Published online Mar 27, 2016. doi: 10.4240/wjgs.v8.i3.232
Peer-review started: September 7, 2015
First decision: December 7, 2015
Revised: December 19, 2015
Accepted: January 21, 2016
Article in press: January 22, 2016
Published online: March 27, 2016
In the setting of Hemorrhoidal Disease treatment, the option of conventional hemorrhoidectomy is highly effective, but it is still associated with postoperative pain and discomfort. For this reason, technical alternatives have been developed in order to reduce complications and to provide better postoperative recovery. To accomplish this aim, non-excisional techniques such as stapled hemorrhoidectomy and Doppler-guided hemorrhoidal ligation have been introduced into clinical practice with high expectations. The aim of this article is to revise the literature about transanal hemorrhoidal dearterialization technique in the treatment of hemorrhoidal disease, looking into its evolution, results and possible benefits over other modalities of surgical treatment. The literature review showed that Doppler-guided hemorrhoidal dearterialization is a safe and effective method to treat grades II to IV hemorrhoidal disease. Outcomes in patients presenting prolapse are satisfactory and the association of anopexy is an important aspect of this operation. Anal physiology disturbances are rarely observed and mainly transitory. This technique is an excellent option for every patient, especially in those with previous anal surgeries and in patients with previous alterations of fecal continence, when an additional procedure might represent a risk of definitive incontinence.

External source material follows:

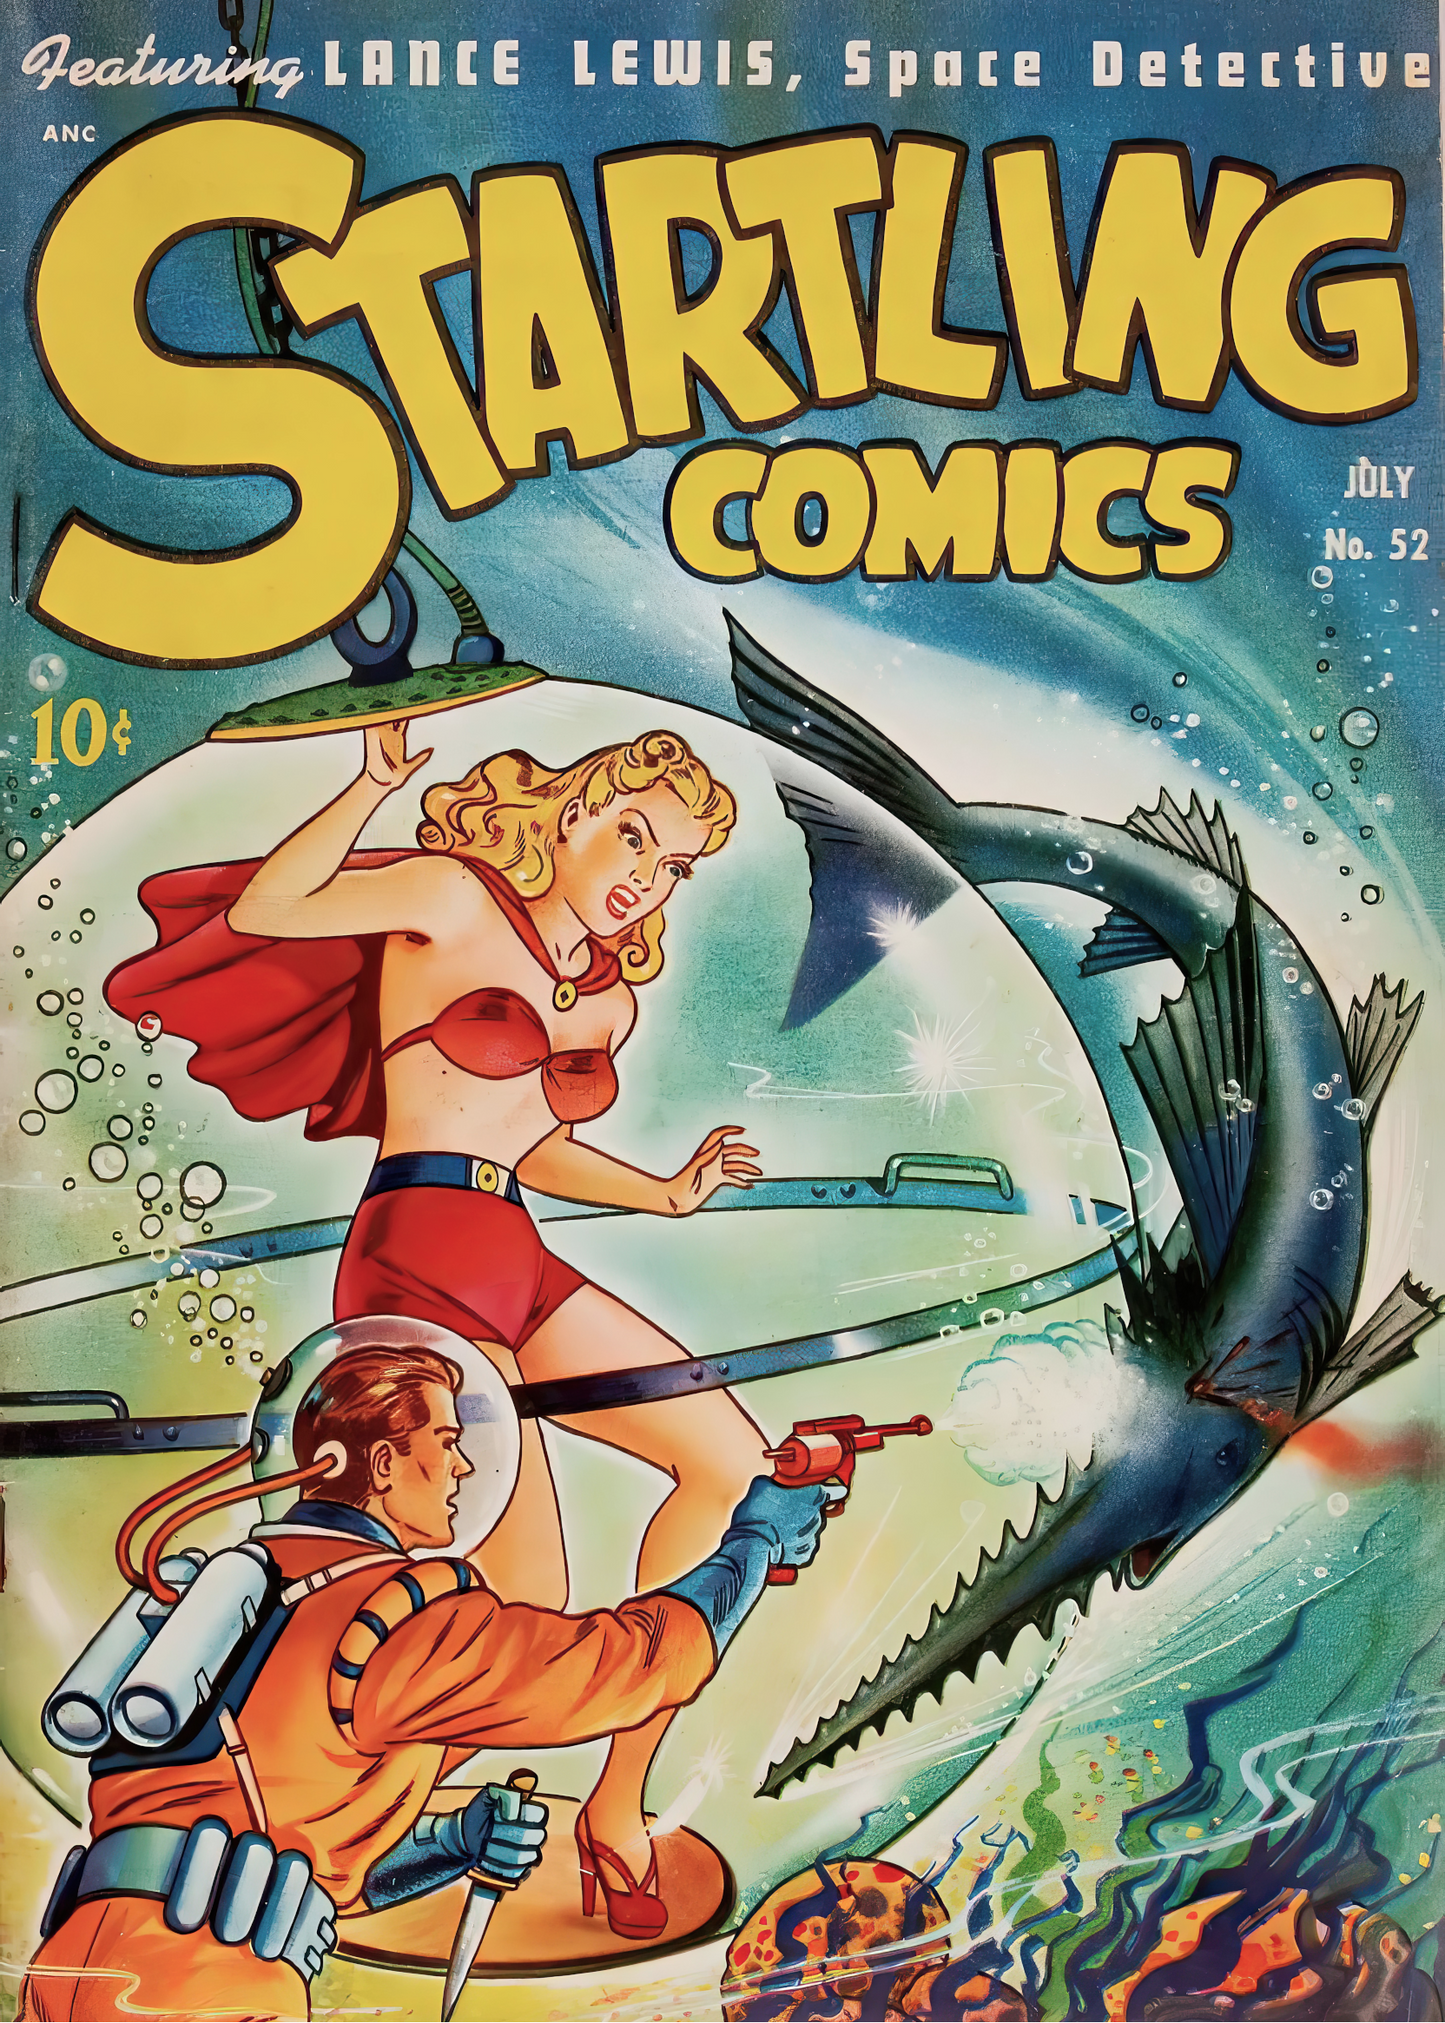 #1007 Startling Comics #52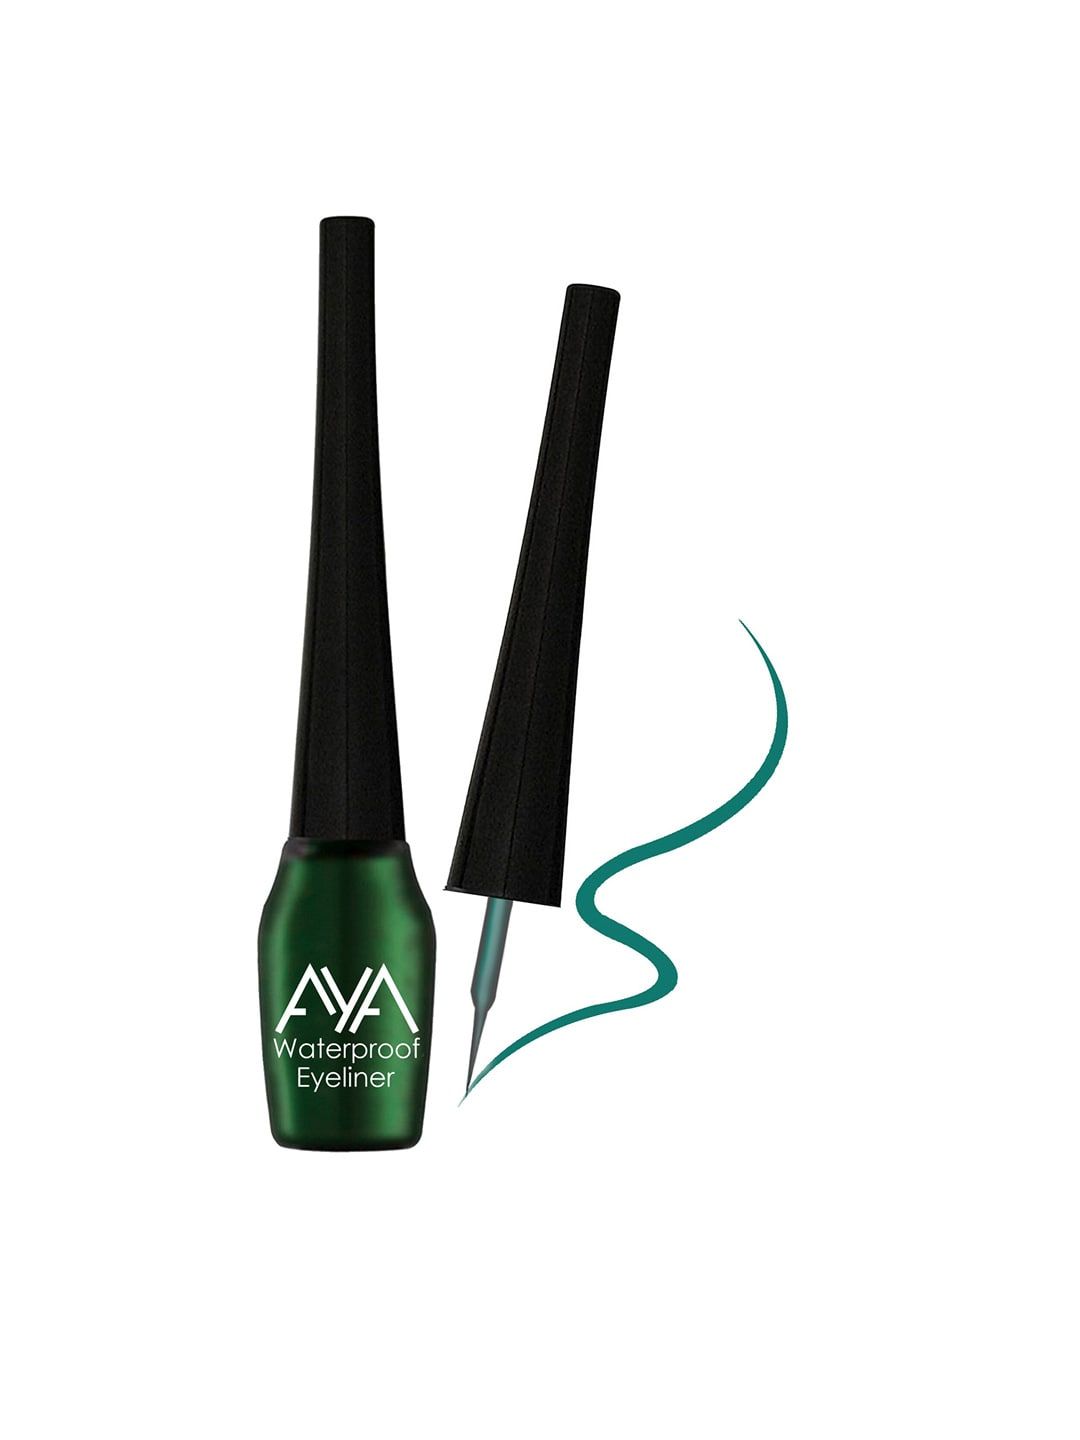 AYA Waterproof Eyeliner Green - 5 ml Price in India

Core tip: Management of hemorrhoidal disease is a tough task. First of all, because there are some technical alternatives that should be adequately indicated to different patients; secondly, because patients desire a good alternative associated with low morbidity, good long-term results and less postoperative pain. In this setting, the transanal hemorrhoidal dearterialization (THD) technique is considered a safe and effective choice for internal hemorrhoids of grades II to IV. The present paper reviews technical aspects and literature results of THD in comparison to other operative techniques.